INFORMATION SHOWN:
'''
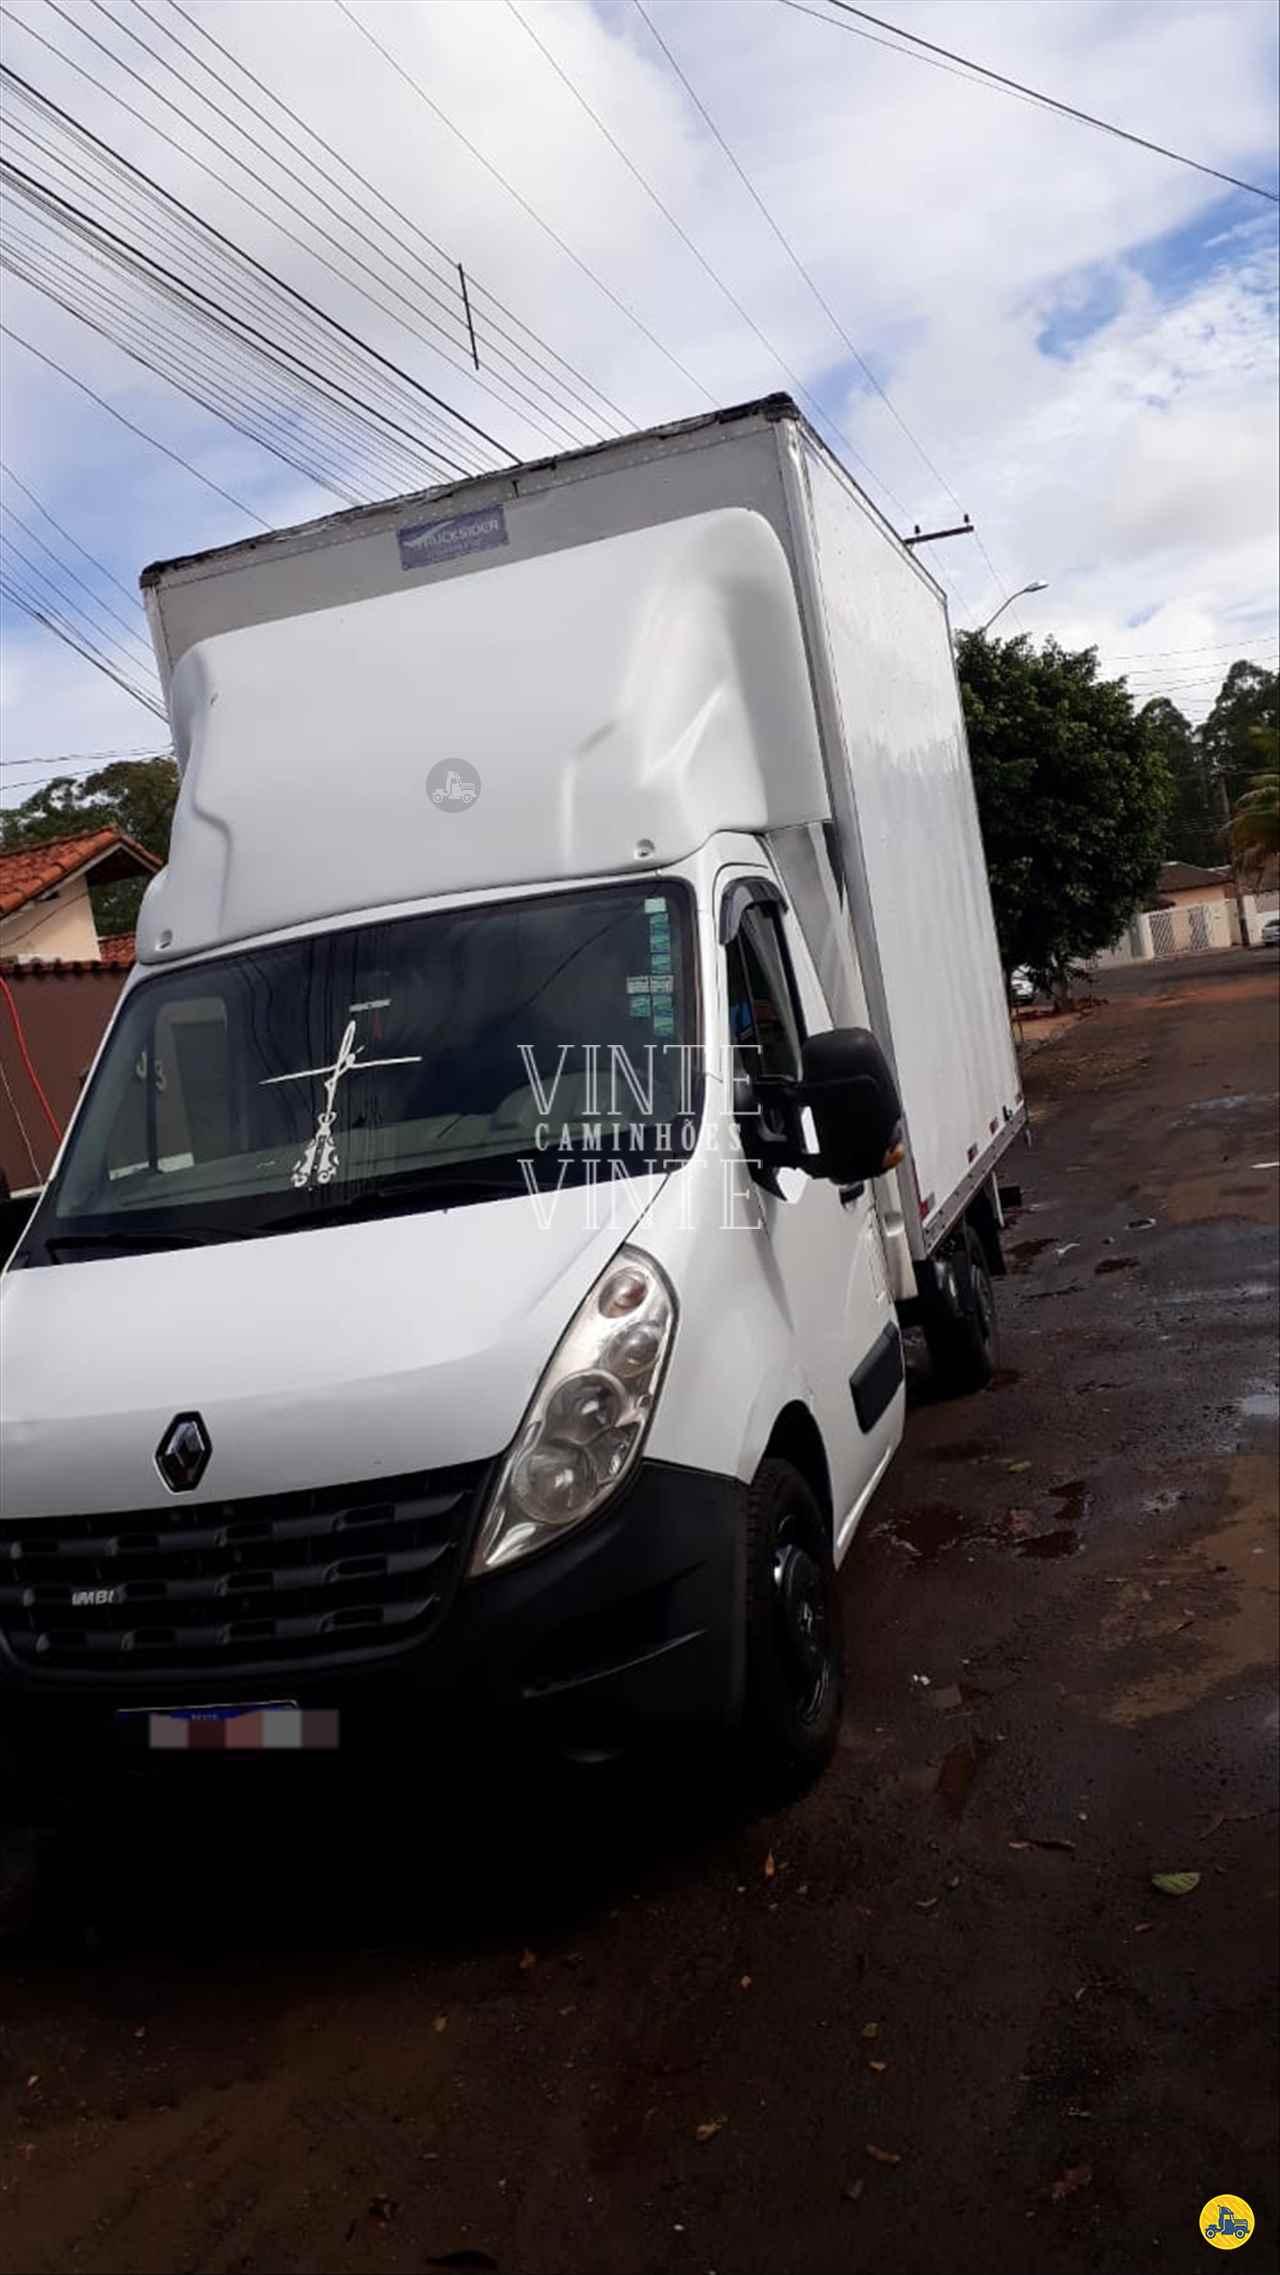 UTILITARIOS RENAULT Master Chassi Cabine 2.3 Vinte-Vinte Caminhões SANTO ANDRE SÃO PAULO SP
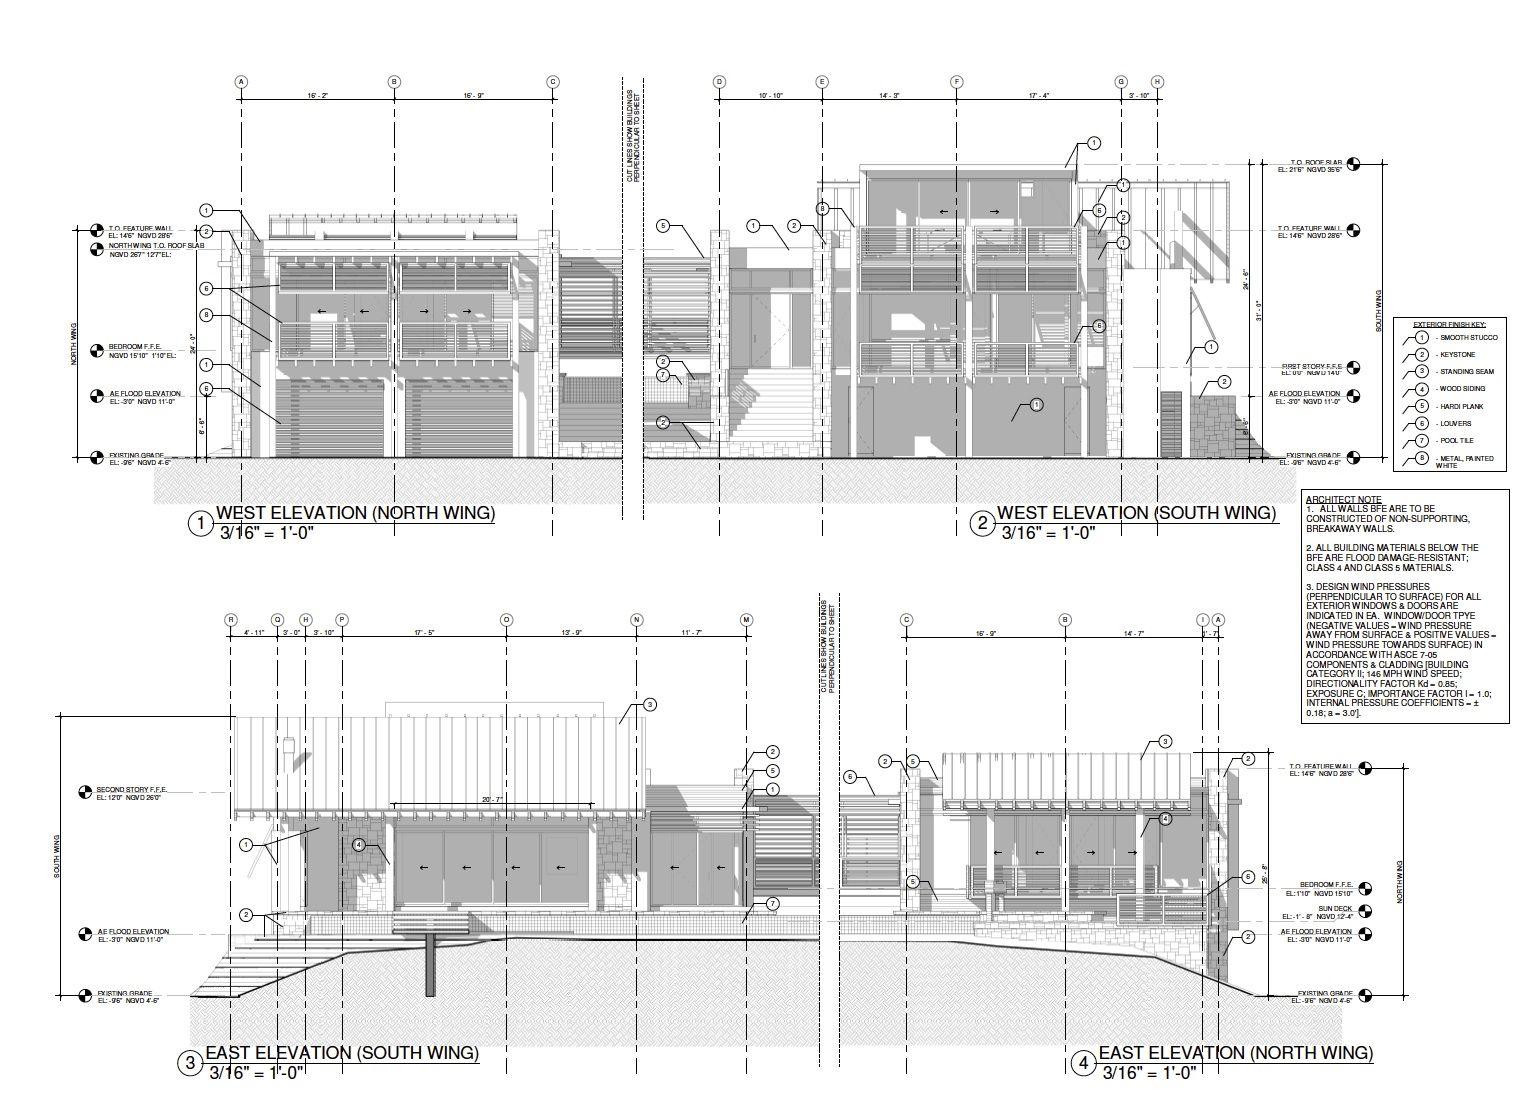 Ballast Trail Elevation Drawings Strang Architecture Elevation Drawing Strang Architecture
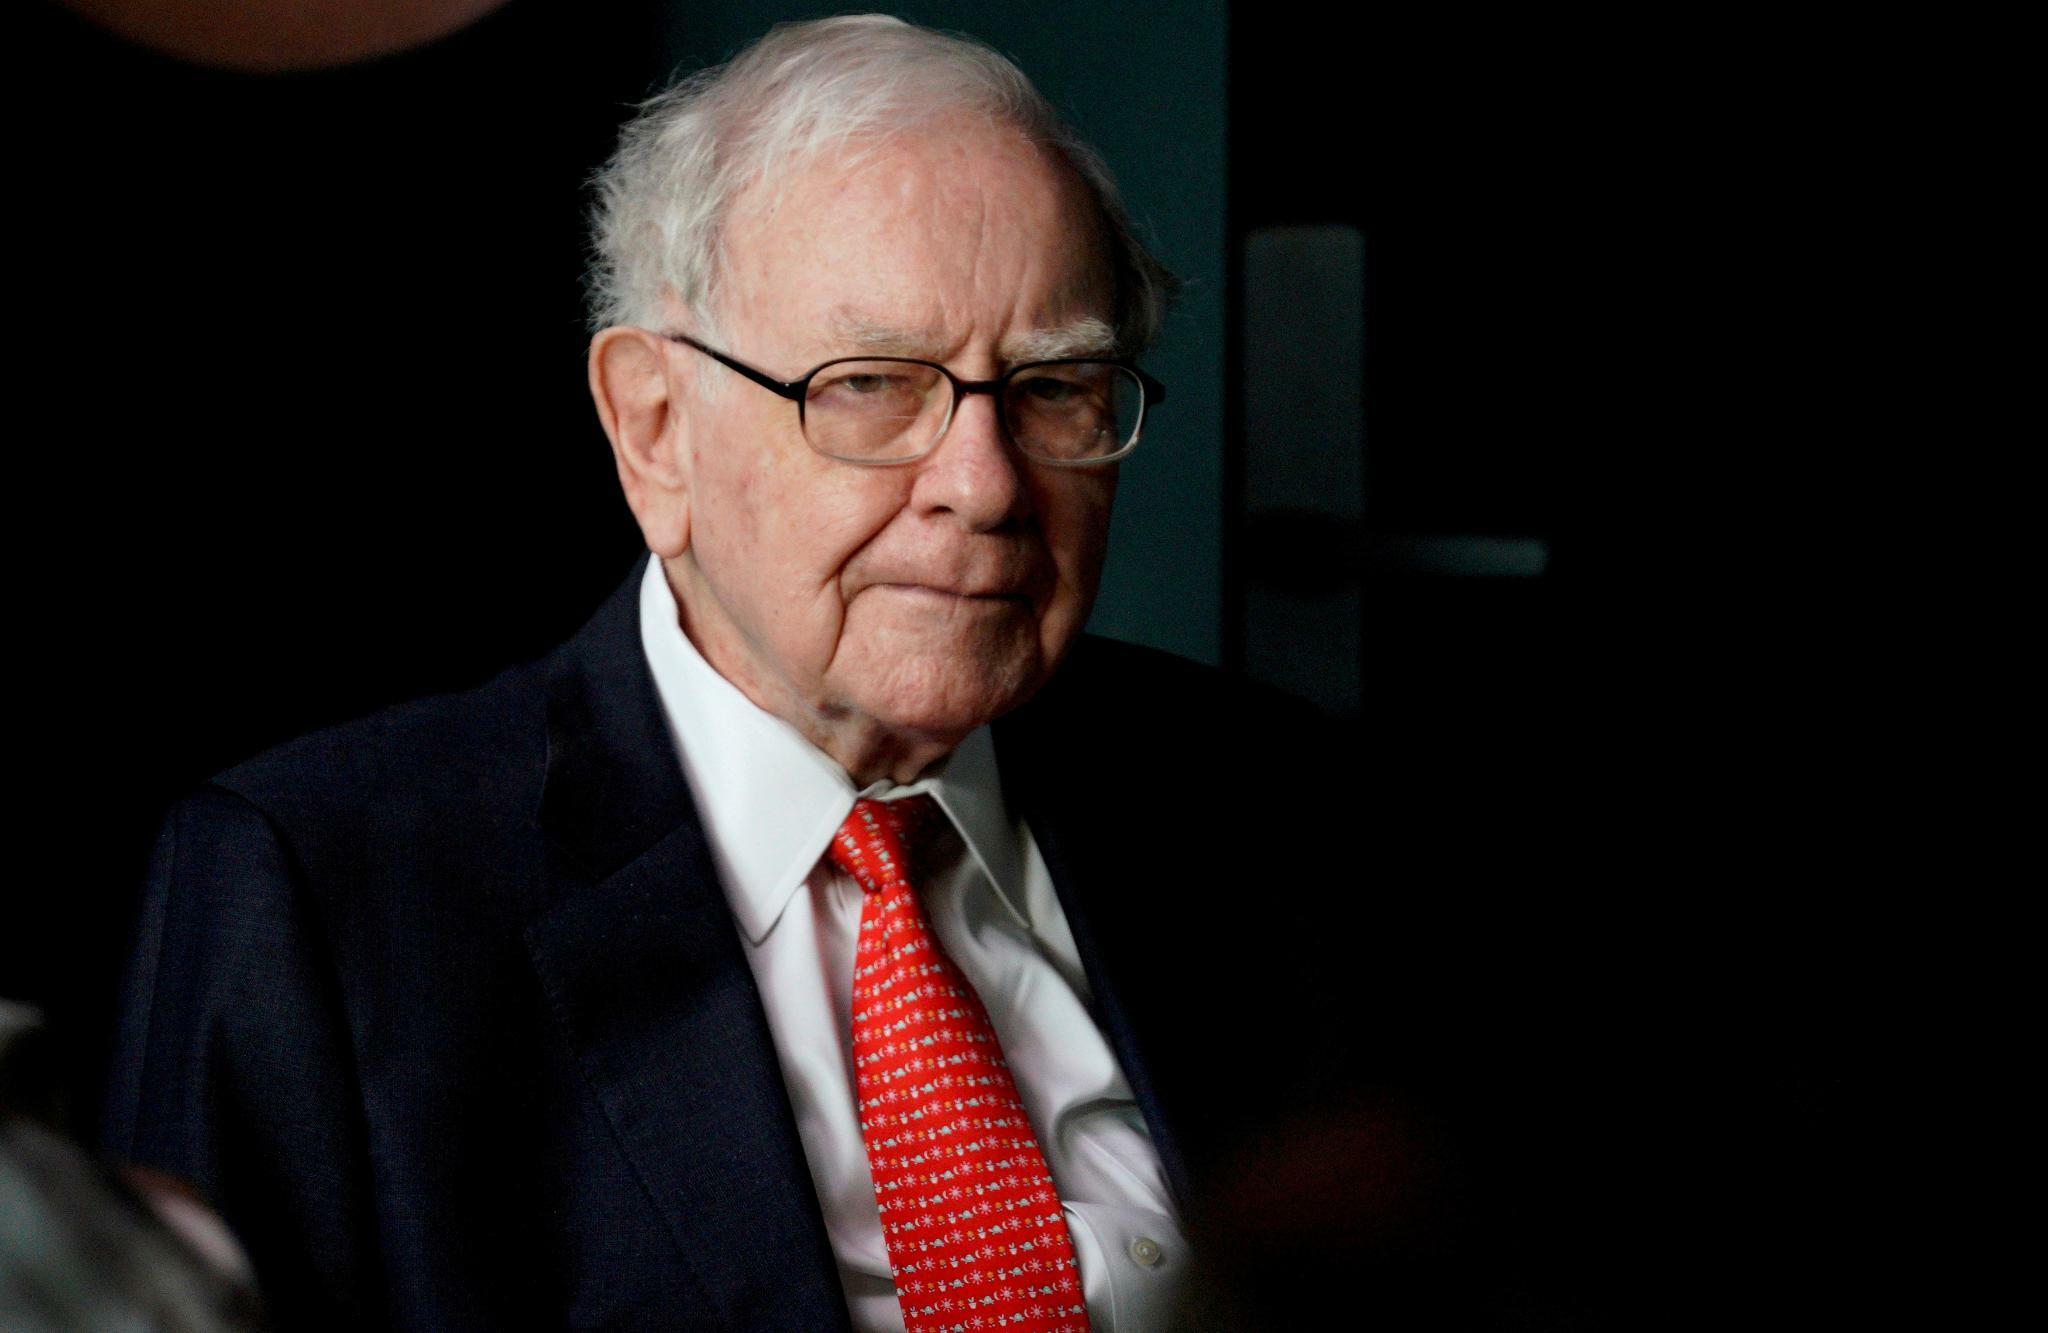 Kraft Heinz: Warren Buffett droht Abschreibung in Milliardenhöhe
'''
TASK INSTRUCTIONS:
This task calls for the listing to be restated exactly, with images omitted.

WRITTEN SOLUTION:
 UTILITARIOS RENAULT Master Chassi Cabine 2.3 Vinte-Vinte Caminhões SANTO ANDRE SÃO PAULO SP
 Ballast Trail Elevation Drawings Strang Architecture Elevation Drawing Strang Architecture
 Kraft Heinz: Warren Buffett droht Abschreibung in Milliardenhöhe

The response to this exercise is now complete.